DISTRICT COURT OF THE UNITED STATES FOR THE MIDDLE DISTRICT OF ALABAMA NORTHERN DIVISION
Oct 19, 2015
CIVIL ACTION NO. 2:15-CV-270-MHT (M.D. Ala. Oct. 19, 2015)

Opinion

CIVIL ACTION NO. 2:15-CV-270-MHT

10-19-2015

JACK A. DAVIS, #182448, Plaintiff, v. CHRIS WEST, et al., Defendants.


RECOMMENDATION OF THE MAGISTRATE JUDGE

I. INTRODUCTION

In this 42 U.S.C. § 1983 action, Jack A. Davis ("Davis"), an inmate currently incarcerated at the Kilby Correctional Facility, challenges conditions of confinement to which he was subjected during a prior term of incarceration at the Lowndes County Jail.

The defendants filed a special report and supporting evidentiary materials addressing Davis' claims for relief. In these documents, the defendants argue that this case is due to be dismissed because prior to filing this cause of action Davis failed to properly exhaust an administrative remedy available to him at the Lowndes County Jail with respect to the claims presented in the complaint. Defendants' Special Report - Doc. No. 21 at 3-5. The defendants base their exhaustion defense on the plaintiff's failure to file a grievance regarding the claims raised in the complaint.

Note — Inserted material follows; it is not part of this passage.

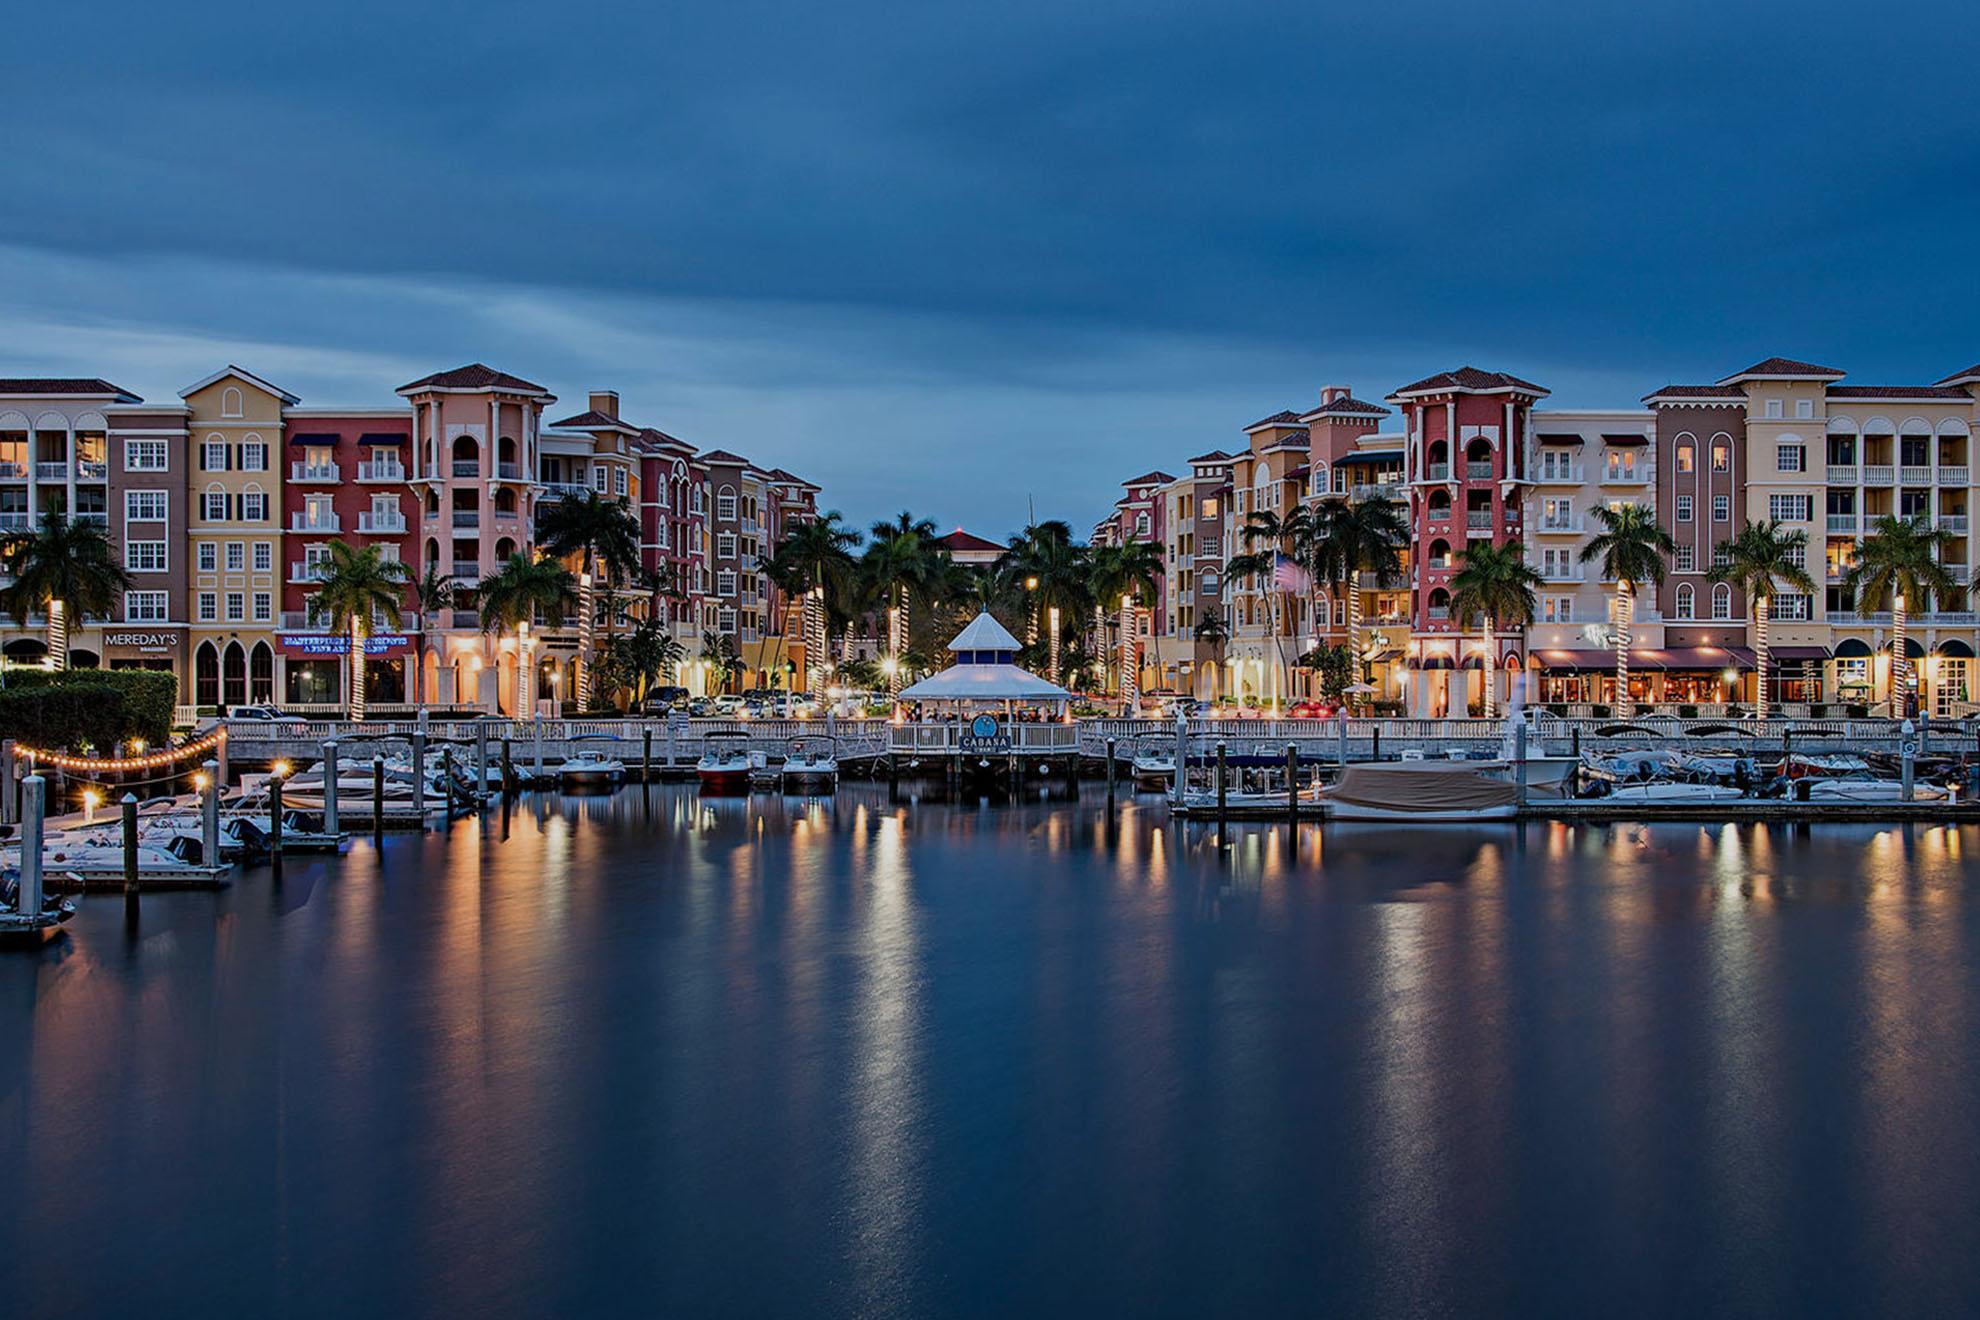 Bayfront Inn Th Ave Naples Downtown Hotel Naples Fl

"[A]n exhaustion defense ... is not ordinarily the proper subject for a summary judgment [motion]; instead, it should be raised in a motion to dismiss, or be treated as such if raised in a motion for summary judgment." Bryant v. Rich, 530 F.3d 1368, 1374-1375 (11th Cir. 2008) (internal quotations omitted); Trias v. Florida Dept. of Corrections, 587 Fed. Appx. 531, 534 (11th Cir. 2014) (District court properly construed defendant's "motion for summary judgment as a motion to dismiss for failure to exhaust administrative remedies...."). Therefore, the court will treat the defendants' report as a motion to dismiss.

II. STANDARD OF REVIEW

In addressing the requirements of 42 U.S.C. § 1997e with respect to exhaustion, the Eleventh Circuit has

recognized that "[t]he plain language of th[is] statute makes exhaustion a precondition to filing an action in federal court." Higginbottom v. Carter, 223 F.3d 1259, 1261 (11th Cir. 2000) (per curiam) (quoting Freeman v. Francis, 196 F.3d 641, 643-44 (6th Cir. 1999)). This means that "until such administrative remedies as are available are exhausted," a prisoner is precluded from filing suit in federal court. See id. (affirming dismissal of prisoner's civil rights suit for failure to satisfy the mandatory exhaustion requirements of the PLRA); Harris v. Garner, 190 F.3d 1279, 1286 (11th Cir. 1999) ("reaffirm[ing] that section 1997e(a) imposes a mandatory requirement on prisoners seeking judicial relief to exhaust their administrative remedies" before filing suit in federal court), modified on other grounds, 216 F.3d 970 (11th Cir. 2000) (en banc); Miller v. Tanner, 196 F.3d 1190, 1193 (11th Cir. 1999) (holding that under the PLRA's amendments to § 1997e(a), "[a]n inmate incarcerated in a state prison ... must first comply with the grievance procedures established by the state department of corrections before filing a federal lawsuit under section 1983"); Harper v. Jenkin, 179 F.3d 1311, 1312 (11th Cir. 1999) (per curiam) (affirming dismissal of prisoner's civil suit for failure to satisfy the mandatory exhaustion requirements of § 1997e(a)); Alexander v. Hawk, 159 F.3d 1321, 1328 (11th Cir. 1998) (affirming dismissal of prisoner's Bivens
action under § 1997e(a) for failure to exhaust administrative remedies prior to filing suit in federal court).
Leal v. Georgia Dept. of Corrections, 254 F.3d 1276, 1279 (11th Cir. 2001). The Court has therefore determined that "the question of exhaustion under the PLRA [is] a 'threshold matter' that [federal courts must] address before considering the merits of the case. Chandler v. Crosby, 379 F.3d 1278, 1286 (11th Cir. 2004). Because exhaustion is mandated by the statute, [a court has] no discretion to waive this requirement. Alexander v. Hawk, 159 F.3d 1321, 1325-26 (11th Cir. 1998)." Myles v. Miami-Dade County Correctional and Rehabilitation Dept., 476 Fed. Appx. 364, 366 (11th Cir. 2012). Based on the foregoing, the court will "resolve this issue first." Id.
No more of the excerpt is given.